API Gateway timeout workaround

2017-Sep-22

The last of the four (see previous posts) big API Gateway limitations is the 30 second integration timeout.

This means that API Gateway will give up on trying to serve your request to the client after 30 seconds—even though Lambda has a 300 second limit.

In my opinion, this is a reasonable limit. No one wants to be waiting around for an API for more than 30 seconds. And if something takes longer than 30s to render, it should probably be batched. "Render this for me, and I'll come back for it later. Thanks for the token. I'll use this to retrieve the results."

In an ideal world, all HTTP requests should definitely be served within 30 seconds. But in practice, that's not always possible. Sometimes realtime requests need to go to a slow third party. Sometimes the client isn't advanced enough to use the batch/token method hinted at above.

Indeed, 30s often falls below the client's own timeout. We're seeing a practical limitation where clients can often run for 90-600 seconds before timing out.

Terrible user experience aside, I needed to find a way to serve long-running requests, and I really didn't want to violate our serverless architecure to do so.

But this 30 second timeout in API gateway is a hard limit. It can't be increased via the regular AWS support request method. In fact, AWS says that it can't be increased at all—which might even be true. (-:

As I mentioned in an earlier post, I did a lot of driving this summer. Lots of driving led to lots of thinking, and lots of thinking led to a partial solution to this problem.

What if I could use API Gateway to handle the initial request, but buy an additional 30 seconds, somehow. Or better yet, what if I could buy up to an additional 270 seconds (5 minutes total).

Simply put, an initial request can kick off an asynchronous job, and if it takes a long time, after nearly 30 seconds, we can return an HTTP 303 (See Other) redirect to another endpoint that checks the status of this job. If the result still isn't available after another (nearly) 30s, redirect again. Repeat until the Lambda function call is killed after the hard-limited 300s, but if we don't get to the hard timeout, and we find the job has finished, we can return that result instead of a 303.

But I didn't really have a simple way to kick off an asynchronous job. Well, that's not quite true. I did have a way to do that: Zappa's asynchronous task execution. What I didn't have was a way to get the results from these jobs.
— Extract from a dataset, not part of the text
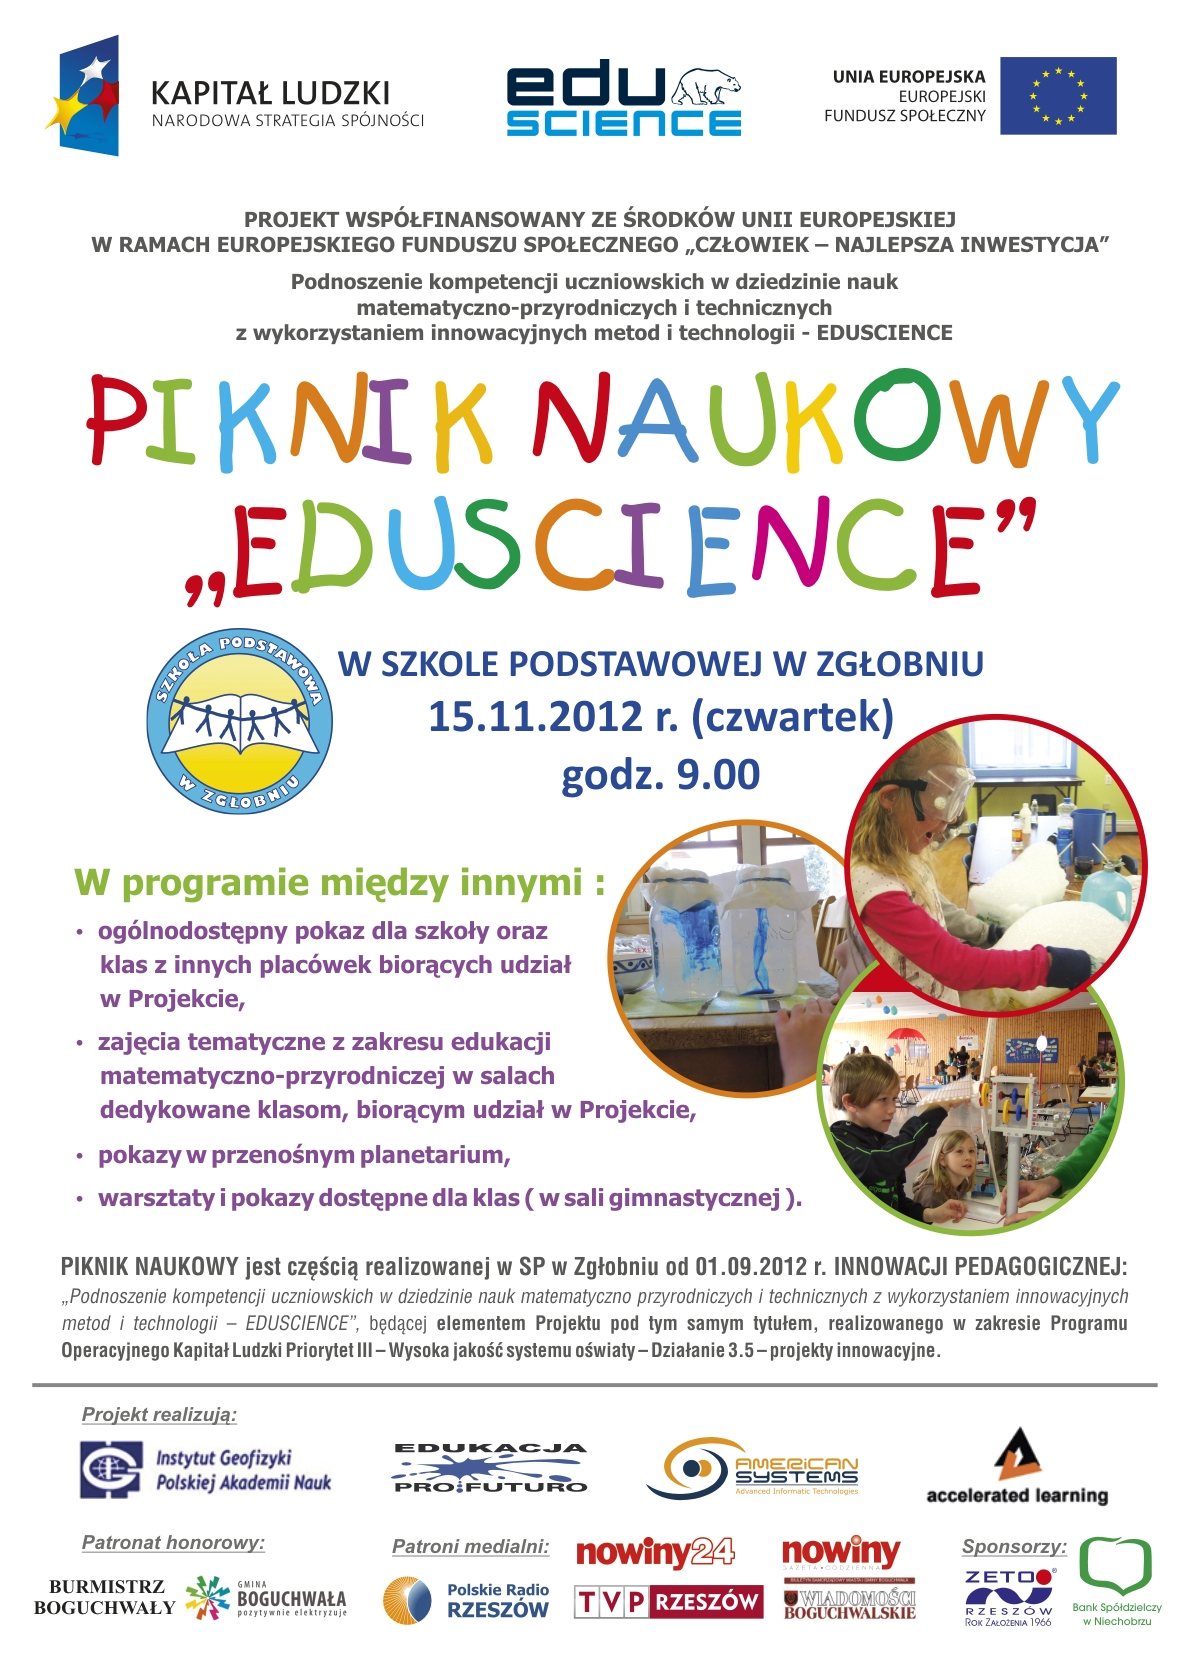 "Piknik naukowo-edukacyjny ""EDUSCIENCE"""

So I wrote one, and Zappa's maintainer, Rich, graciously merged it. And this week, it was released. Here's a post I wrote about it over on the Zappa blog.

The result:

$ time curl -L 'https://REDACTED.apigwateway/dev/payload?delay=40'
{
  "MESSAGE": "It took 40 seconds to generate this."
}

real    0m52.363s
user    0m0.020s
sys     0m0.025s

Here's the code (that uses Flask and Zappa); you'll notice that it also uses a simple backoff algorithm:

@app.route('/payload')
def payload():
    delay = request.args.get('delay', 60)
    x = longrunner(delay)
    if request.args.get('noredirect', False):
        return 'Response will be here in ~{}s: <a href="{}">{}</a>'.format(
            delay, url_for('response', response_id=x.response_id), x.response_id)
    else:
        return redirect(url_for('response', response_id=x.response_id))


@app.route('/async-response/<response_id>')
def response(response_id):
    response = get_async_response(response_id)
    if response is None:
        abort(404)

    backoff = float(request.args.get('backoff', 1))

    if response['status'] == 'complete':
        return jsonify(response['response'])

    sleep(backoff)
    return "Not yet ready. Redirecting.", 303, {
        'Content-Type': 'text/plain; charset=utf-8',
        'Location': url_for(
            'response', response_id=response_id,
            backoff=min(backoff*1.5, 28)),
        'X-redirect-reason': "Not yet ready.",
    }


@task(capture_response=True)
def longrunner(delay):
    sleep(float(delay))
    return {'MESSAGE': "It took {} seconds to generate this.".format(delay)}

That's it. Long-running tasks in API Gateway. Another tool for our serverless arsenal.